Regardless, I wanted to start by counting salary records by agency. This got me to the 500 record cutoff I used to keep my measures robust. Then, I ran measures by employee and agency. I calculated 7 measures to start:
medSalary
highestSalary
lowestSalary
growth
salaryRecords
tenure
hireDate
field I formatted earlier in the analysis. Each hireDate
record for each individual employee should be the same. So I can use the first
function to simply take the tenure
field I calculated for each record. It's somewhat of a dynamic field since I get it by subtracting the number of years between the current date and the hire date provided. It rests on a lot of assumptions and is not a very straightforward measure to calculate. I definitely want to find a better way to calculate this going forward.avgRaise
Once I made it to the breakdown by city agency, I took most of the measures listed above and calculated their median. I chose the median because I figured like many organizations, the city probably pays those at the top very well and those at the bottom...less well. The mean is very sensitive to these outliers and the median is not. I'd love to do a modal breakdown in a future analysis.

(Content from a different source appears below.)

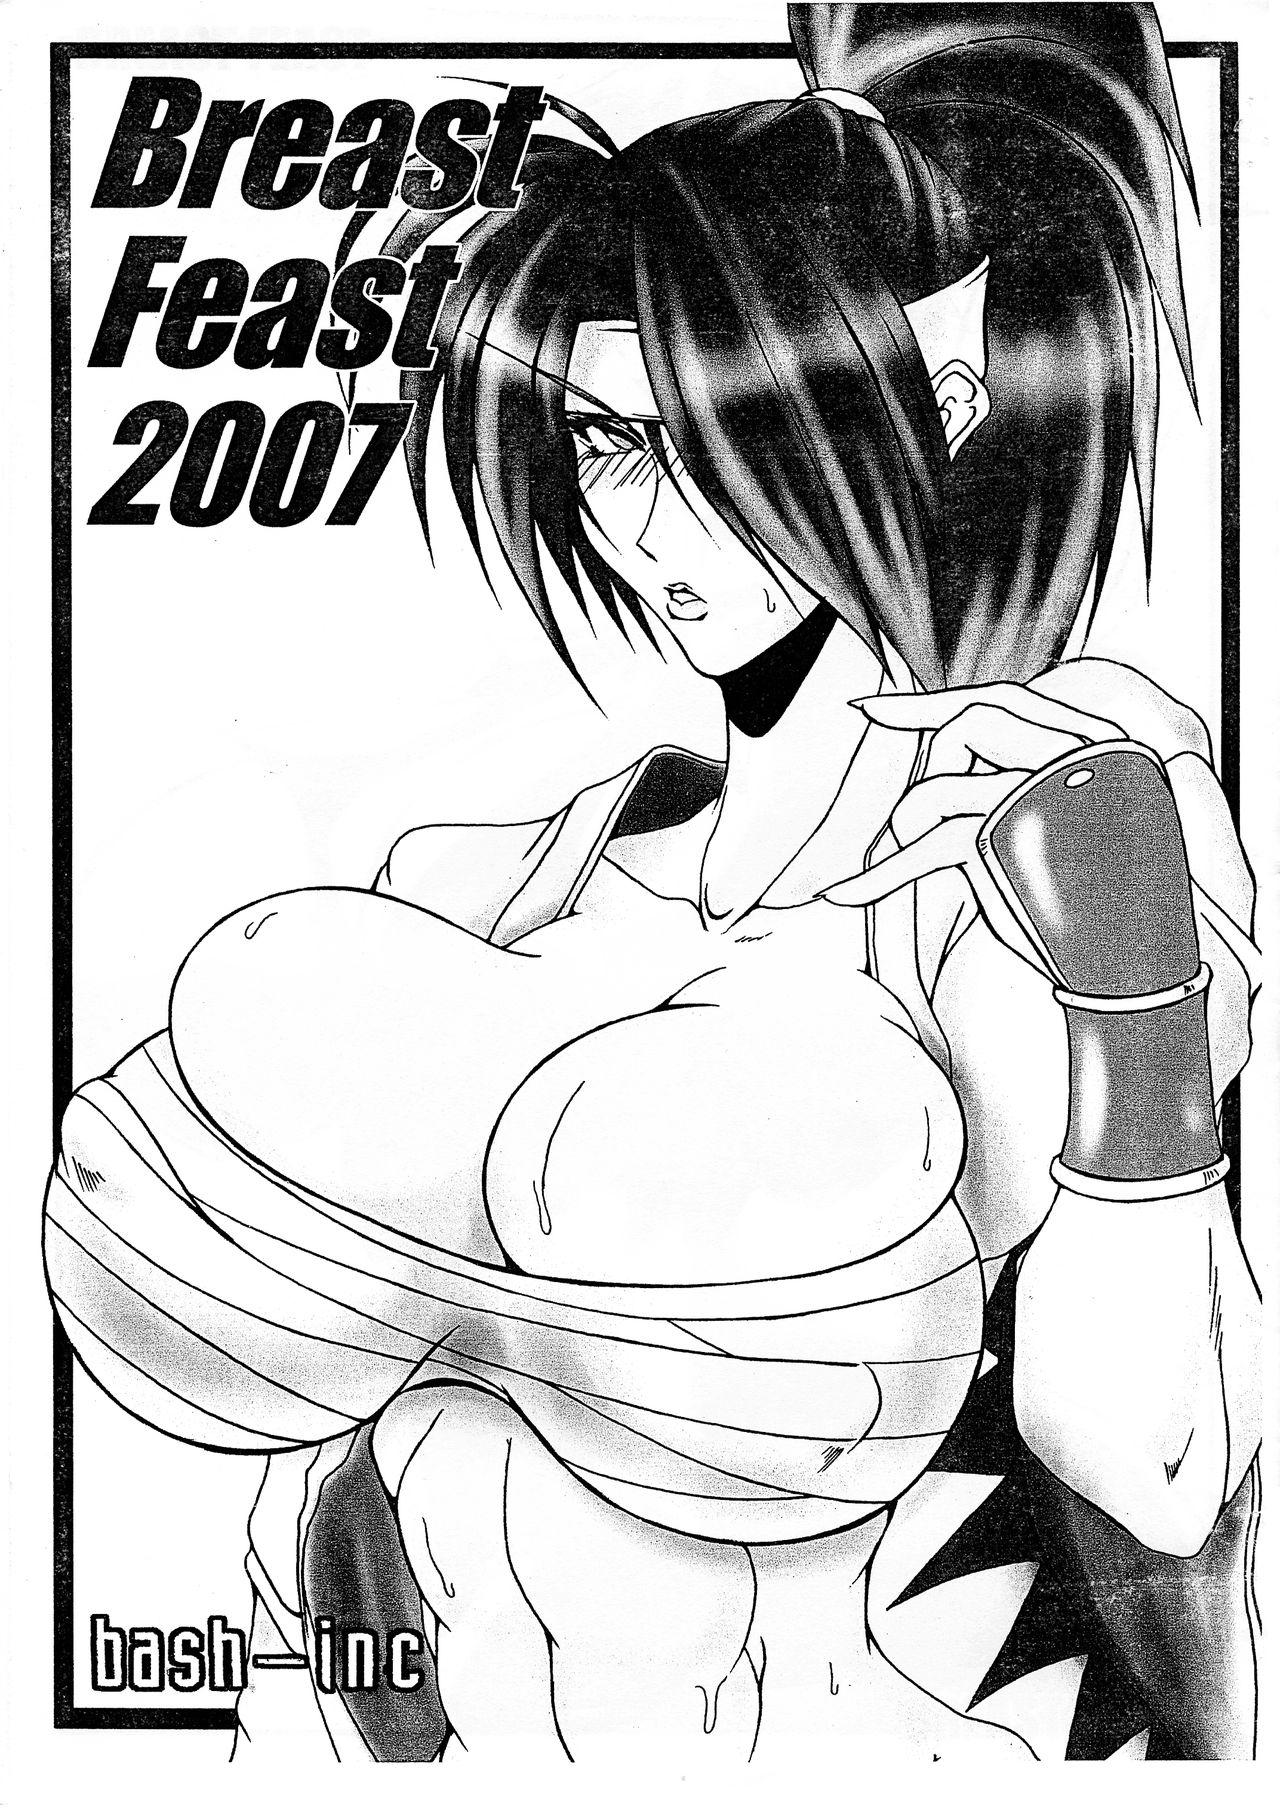 Breast Feast 2007 1

I'd probably create pay ranges of some kind so we can see what percentage of employees across the city fall into different ranges.
# count number of records per city agency
agency_record_count = employee_salaries_clean.groupby(["cleanAgencyName"], as_index=False).agg(
salaryRecords=pd.NamedAgg(column="cleanAgencyName", aggfunc="count")
)
agencies_with_500_records = agency_record_count[agency_record_count["salaryRecords"] >= 500]["cleanAgencyName"].values.tolist()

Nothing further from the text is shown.